Trying out a profession has costs, sometimes considerable. You can't try everything on the off chance that it might work out -- you want to focus on the areas where you expect to do well. And someone with an IQ of 130 has much, MUCH better chances of becoming a mathematician than someone with the IQ of 80.
Heterogeneous compared to what? It's a lot more homogeneous then how people think about nearly any other subject.
I suppose I will defer to your expertise on how people think about everything, Eugene.
Aaaanyway I haven't had a crude IQ test done but I've had a tailored subset of psychometric tests including subscales from the WAIS from which IQ is derived which indicate my maths skills are above average. The same tests indicated my concentration skills are below average....

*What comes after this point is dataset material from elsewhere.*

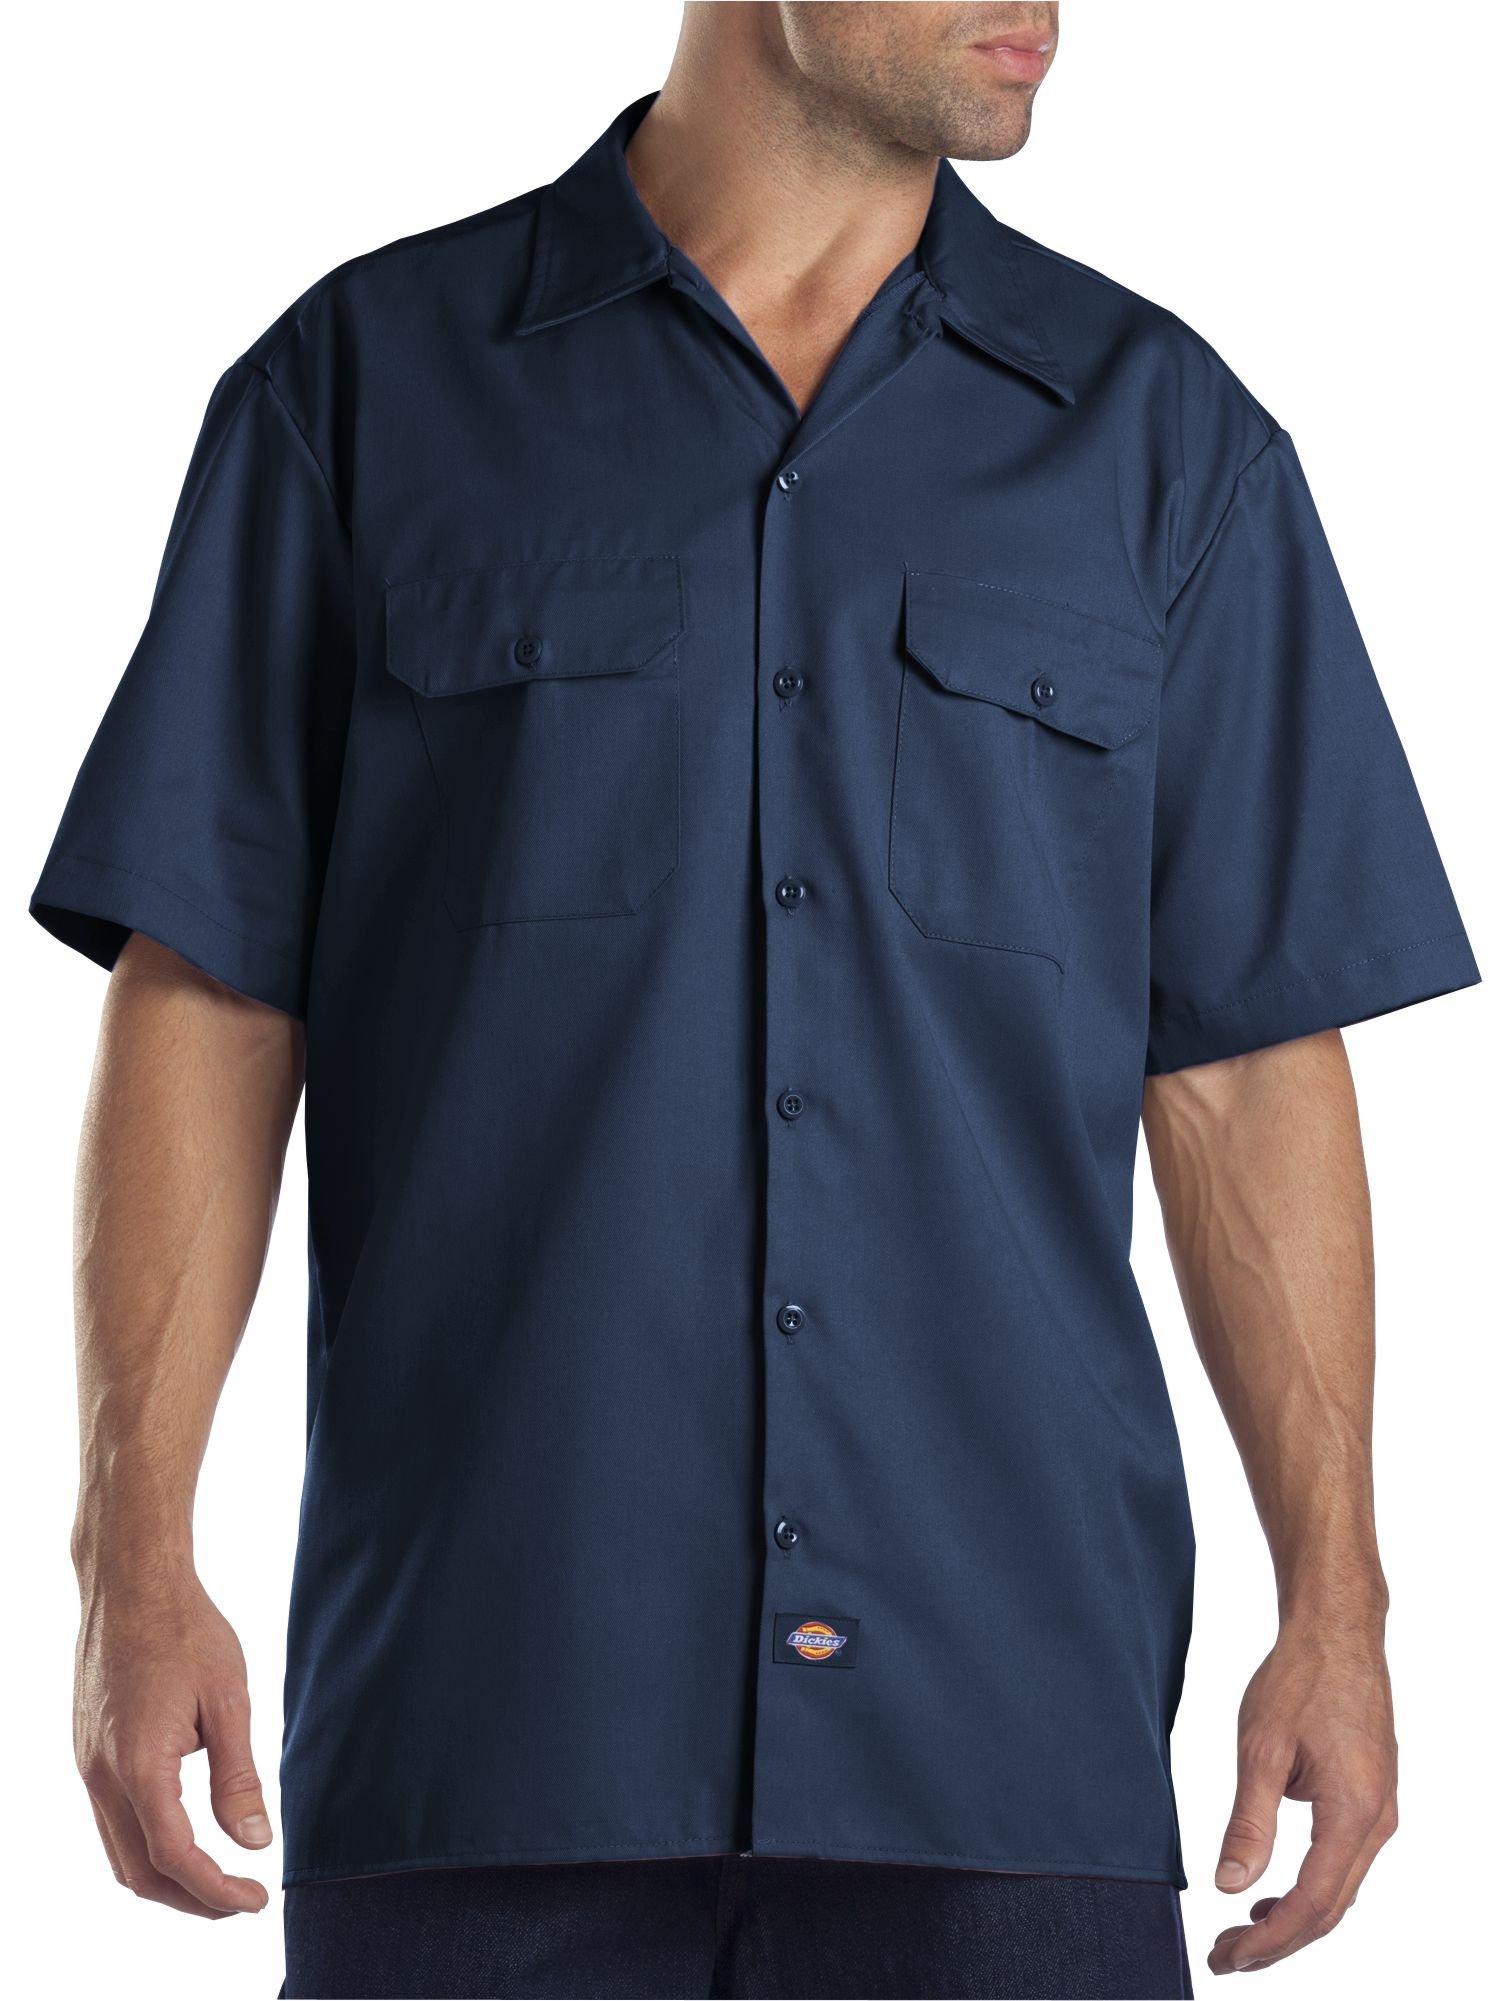 Dickies Men's Big-Tall Short-Sleeve Work Shirt,Navy,3X

Hmm. I haven't put much thought into what professions are a good fit for someone with concentration as a comparative disadvantage.
I would suspect that research, and mathematics research in particular, is a bad bet. Much of a day will be spent just thinking about ideas, and being able to think about the same idea all day long is necessary to reach the end of long and complicated chains of reasoning. The difference between Newton and his contemporaries, for example, seems to have mostly been superior concentration ability on Newton's part, not considerably higher intelligence.
But people use machine learning many other places; you might be able to work as an industrial data scientist or analyst. It's not clear to me whether low concentration ability would be a smaller or larger handicap there.
In NFL they do care about intelligence tests.
I don't claim that they do.
Clarity speaks of himself as stupid and the fact that he failed to learn python is indication of that. If his IQ is <100, I think that would be a valid ground on which to advice him against seeking a career in machine learning.
That's exactly the purpose for which IQ test were designed.
This is only a weak evidence for non-high IQ.
I know a few people who had bad opinion about their IQ, and when I convinced them to take the test, they scored above 130. It's because they believed the stereotype of "high IQ = math prodigy", and they happened to be average at math simply because they focused their lives on something else.
I haven't implied that it's strong evidence, for me the available evidence was enough to raise the question. The answer to that question matters for whether or not to tell him not to seek a career in machine learning.
I do think that for this purpose the testing that tells him that he's above average in math might be enough.
I think it would be useful to taboo "stupid." It is not a useful word.
Tabooing "stupid" is what asking for IQ is about and why I asked about IQ in this context.
Except you are not tabooing anything then, you are just substituing "low IQ" for "stupid." The point of tabooing stupid is to get binary classification out of an inherently complicated multidimensional problem.
The request of tabooing in general is a request for more cognitive work.
Scoring low on a specific test is something more complex than a label. Changing a vague term with a operationalised term is something that often makes sense for tabooing.
I think you confuse cognitive work with explicitely describing cognitive work. When it comes to speaking about negative features of other people it's worthwhile not to say every negative thing that can be said publically.